- Dataset excerpt -
-- -- --

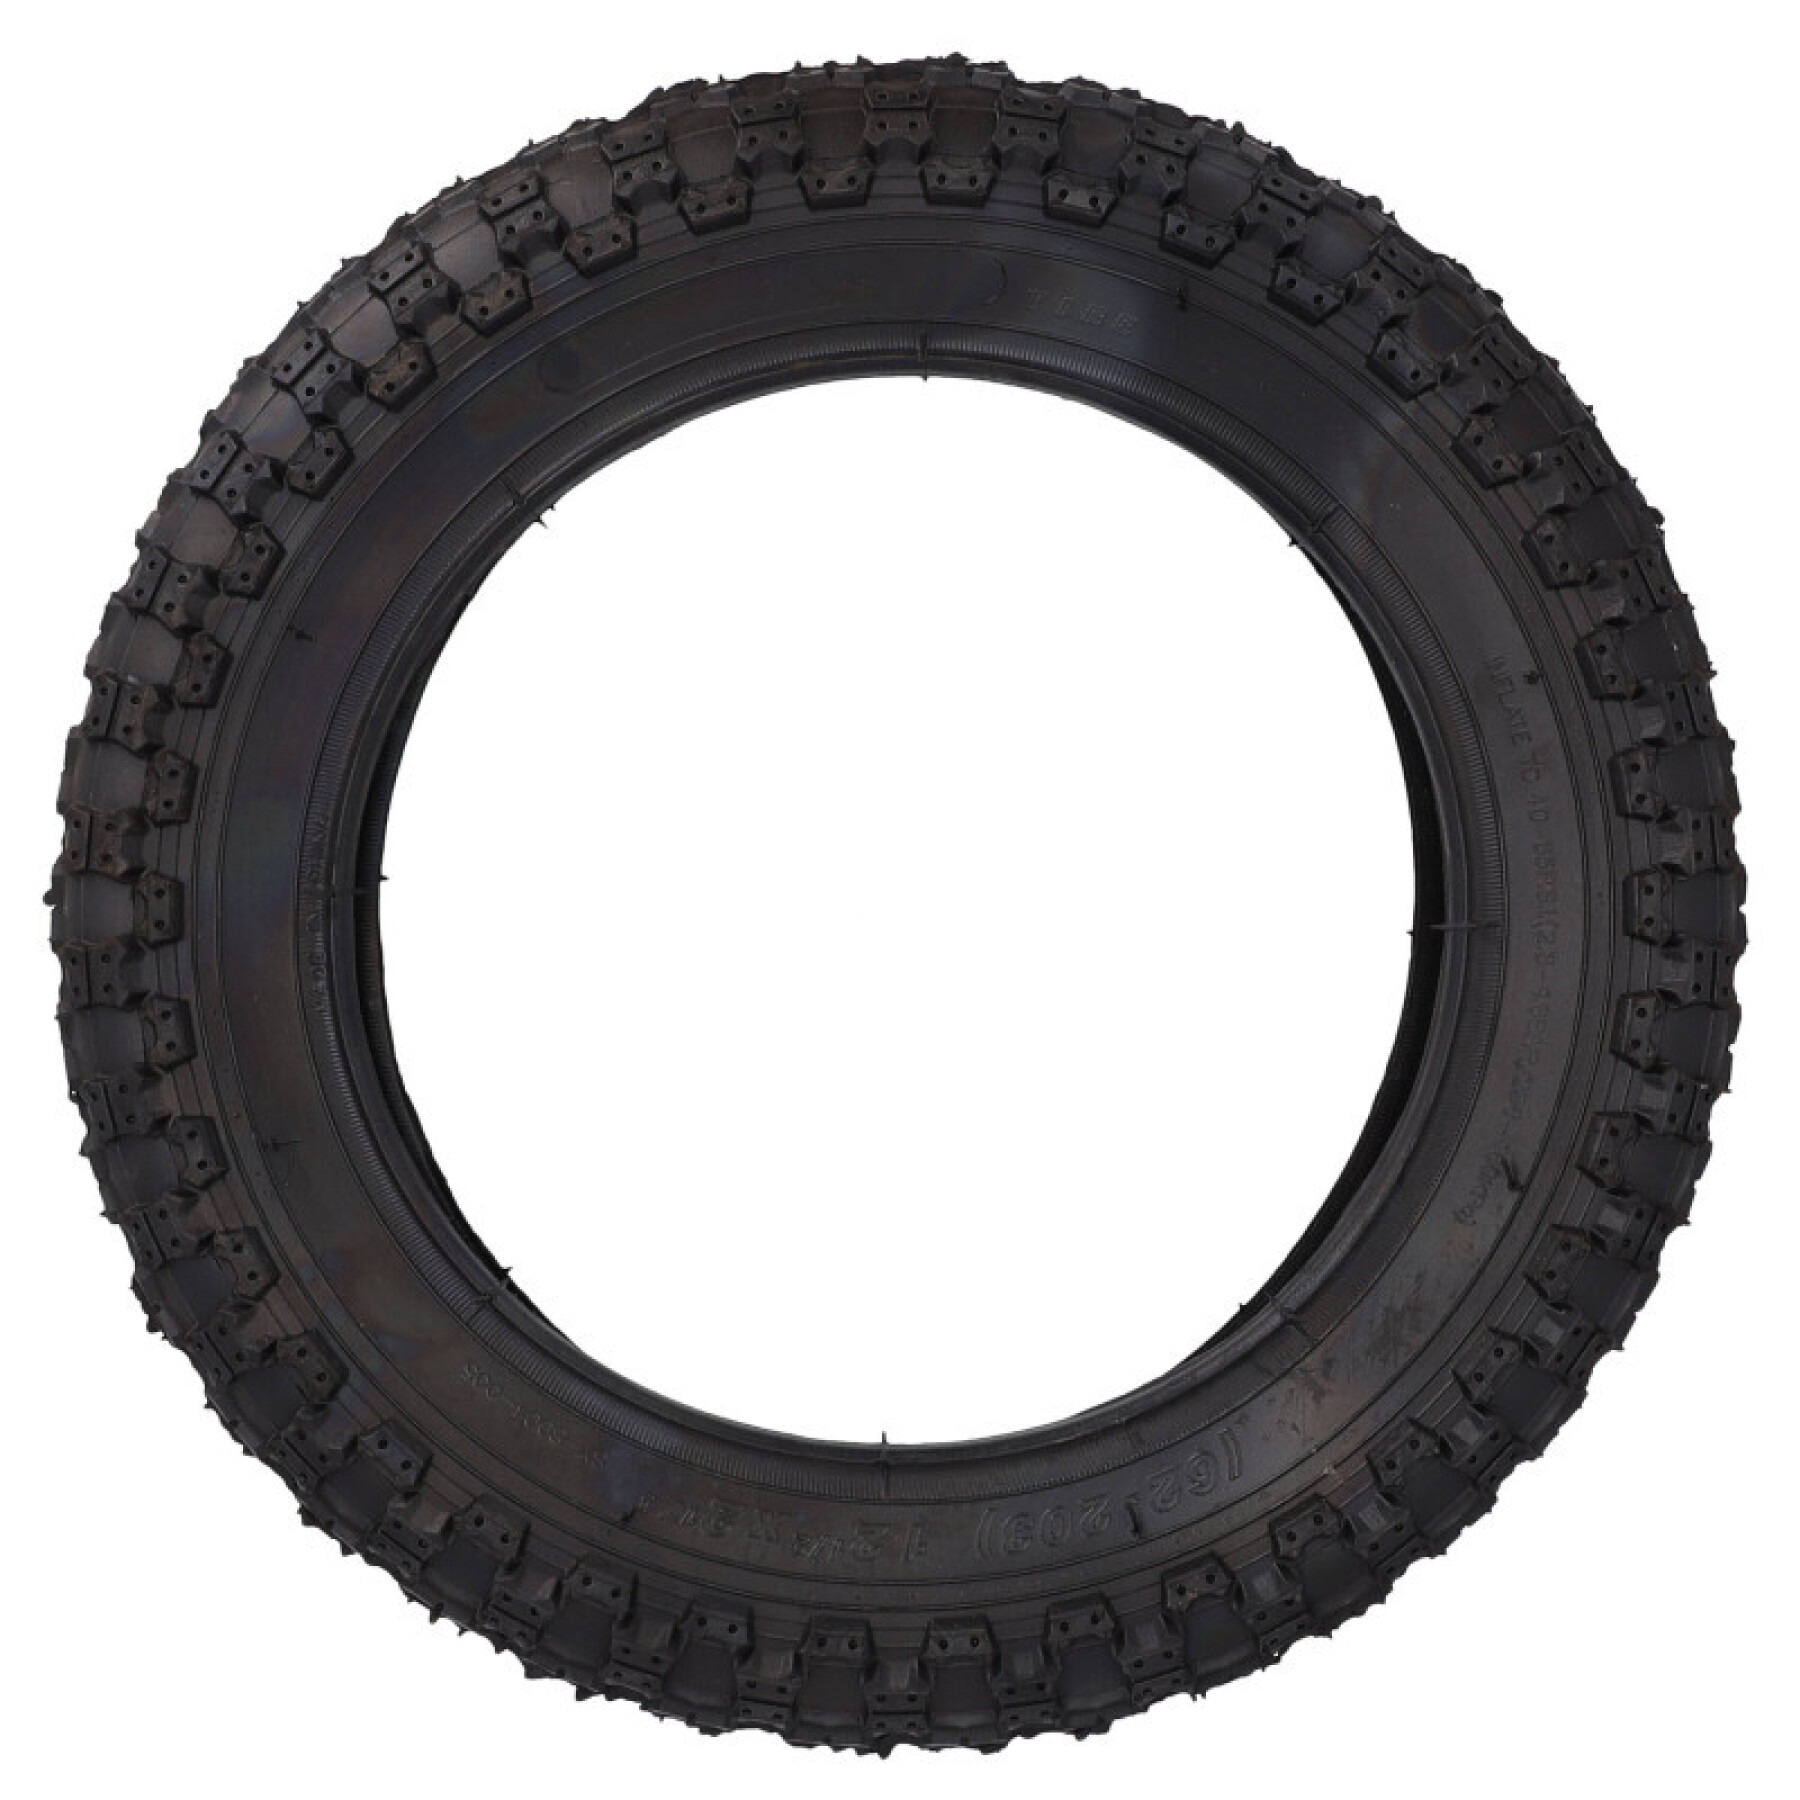 Bike tire Durca 12-1/2x2-1/4(62-203)
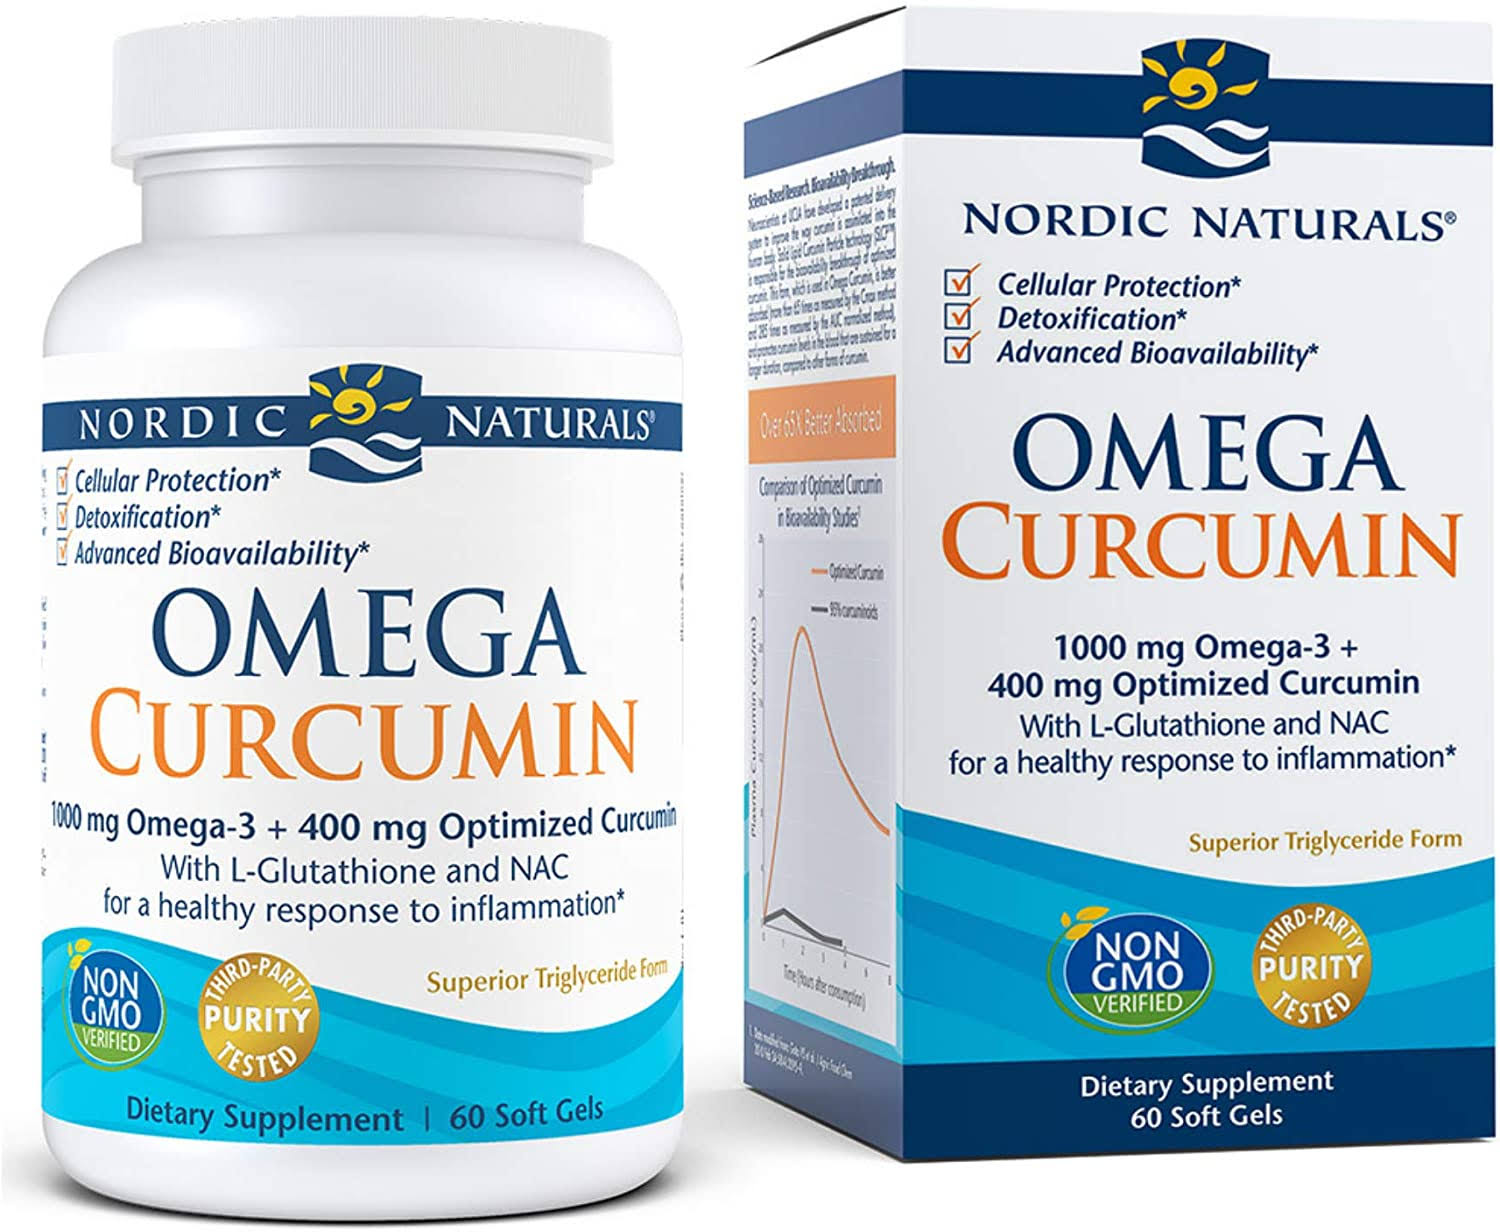 Nordic Naturals Omega Curcumin Dietary Supplement - 1250mg, 60ct
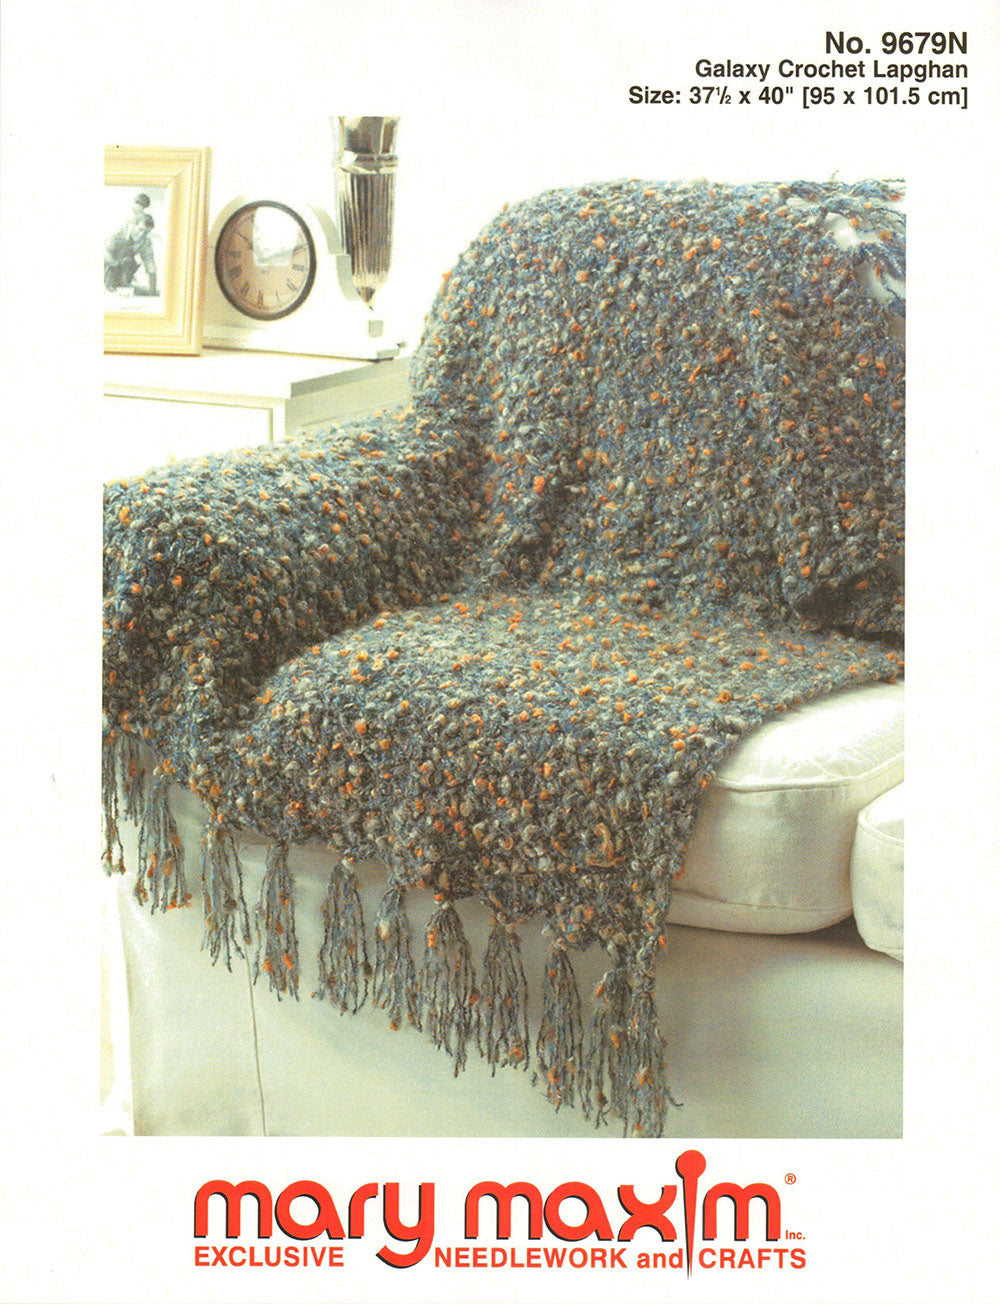 Galaxy Crochet Lapghan

-- -- --

- Exercise prompt -
Once the pictures are set aside, please output all the data word for word.

- Your solution -
 Bike tire Durca 12-1/2x2-1/4(62-203)
 Nordic Naturals Omega Curcumin Dietary Supplement - 1250mg, 60ct
 Galaxy Crochet Lapghan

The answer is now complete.